WHAT THE TASK REQUIRES:
Leave the pictures in the listing below aside and reproduce exactly the lines starting with the one with "Текстильная грелка на чайник курица" and going on through the one with "Knightsbridge Robertson Surrette's Logo", both ends included.

RAW DATA:
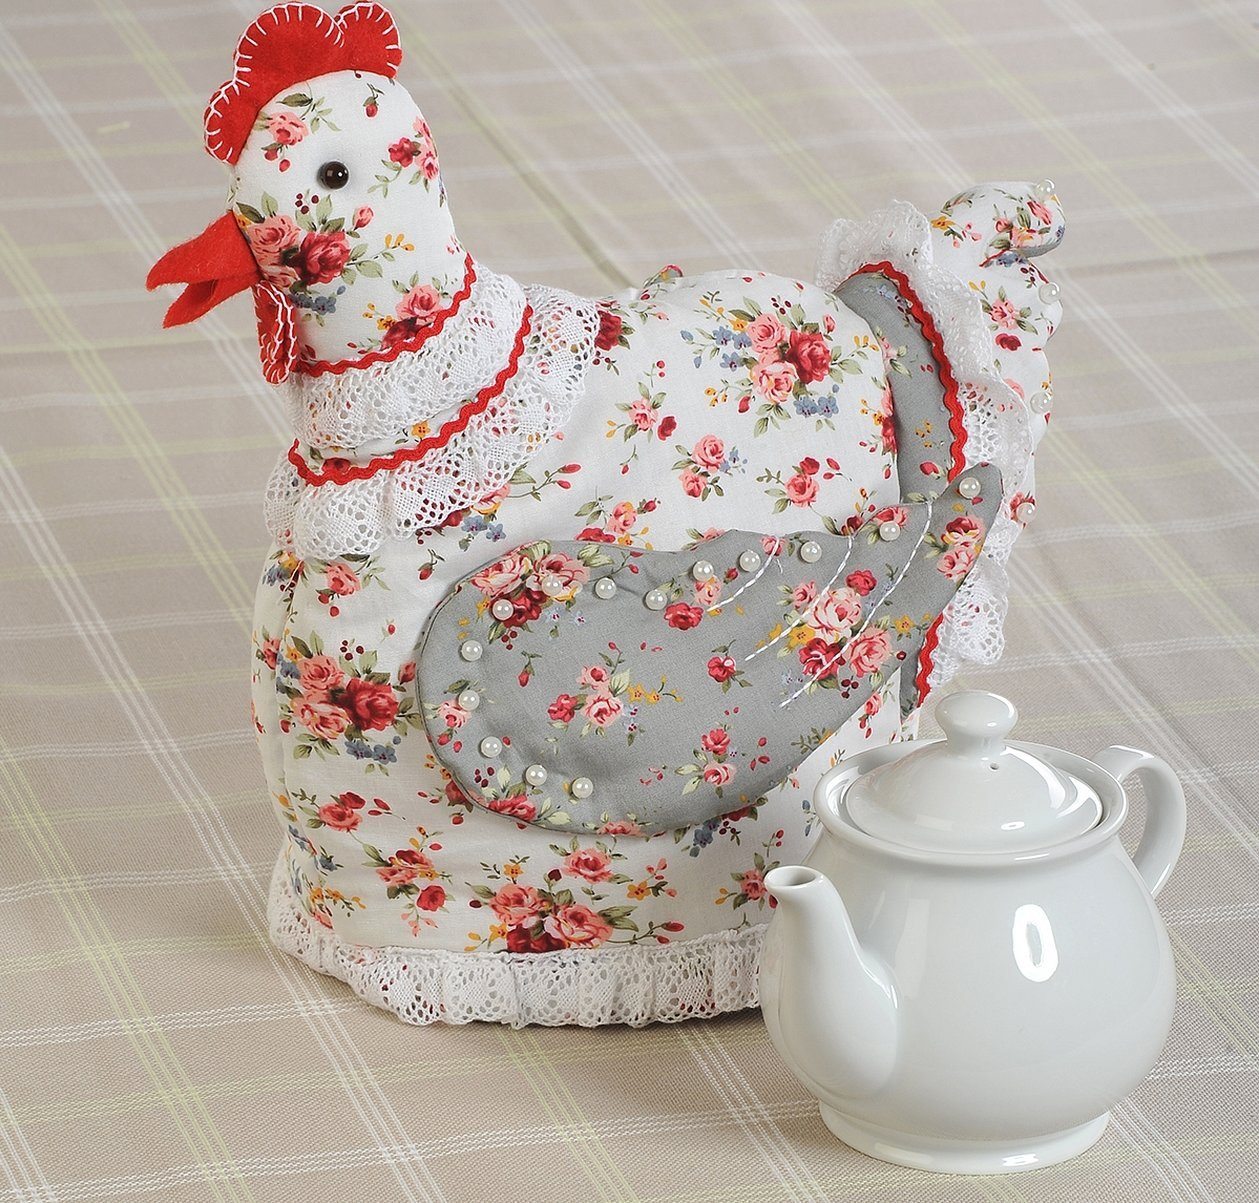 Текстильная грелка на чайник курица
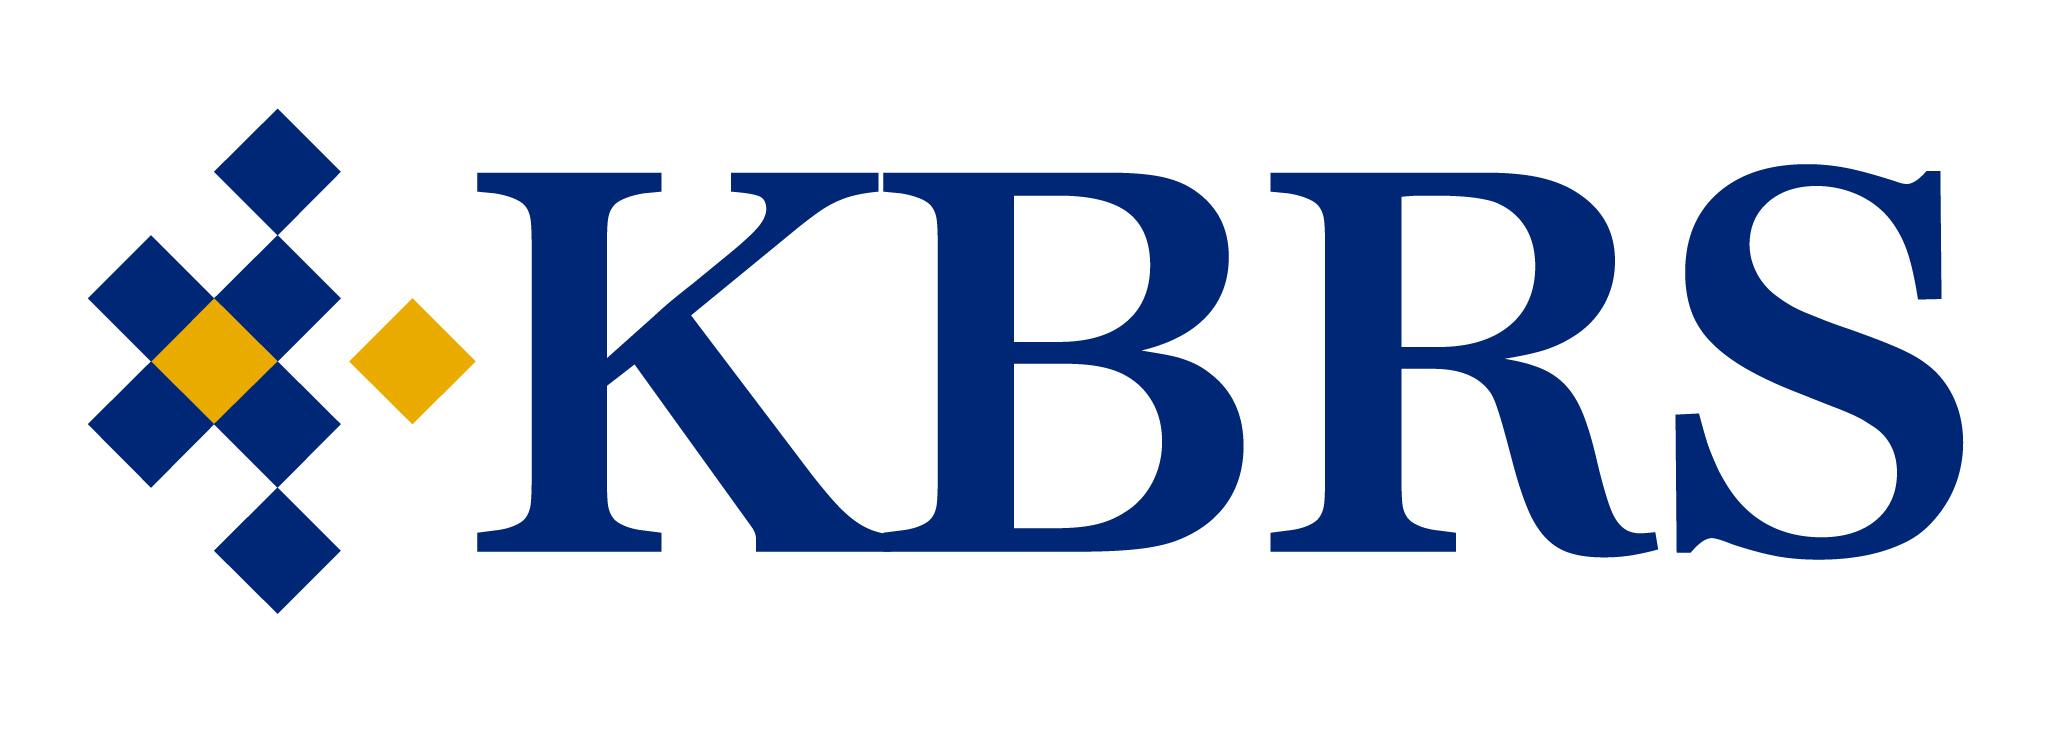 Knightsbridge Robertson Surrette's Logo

--

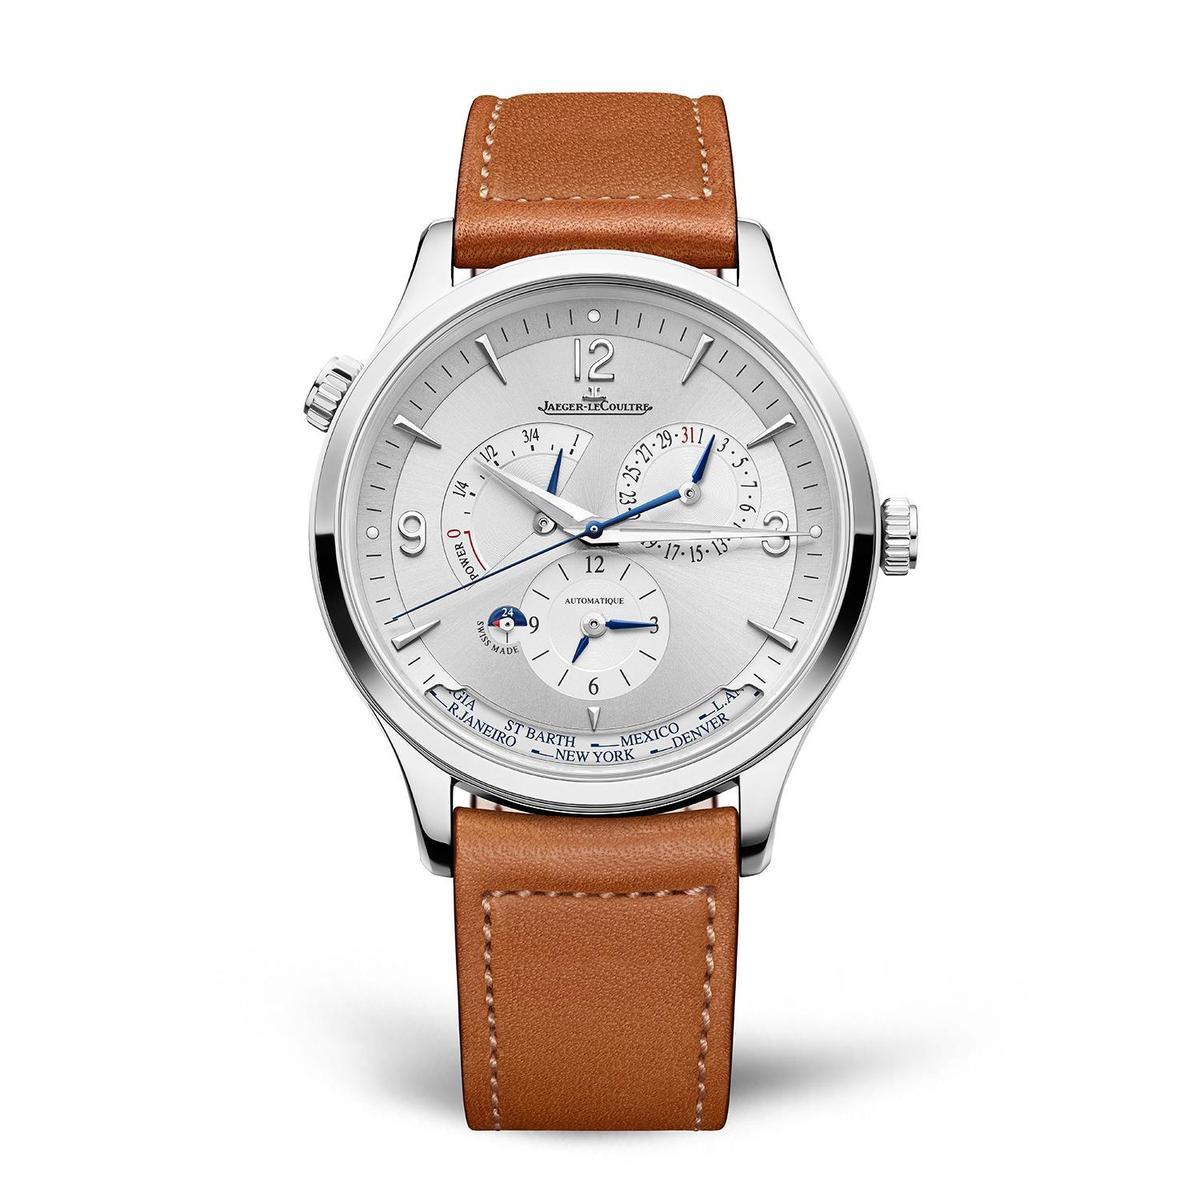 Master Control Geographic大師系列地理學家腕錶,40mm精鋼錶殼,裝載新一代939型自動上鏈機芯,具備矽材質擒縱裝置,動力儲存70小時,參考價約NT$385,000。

RESPONSE:
 Текстильная грелка на чайник курица
 Knightsbridge Robertson Surrette's Logo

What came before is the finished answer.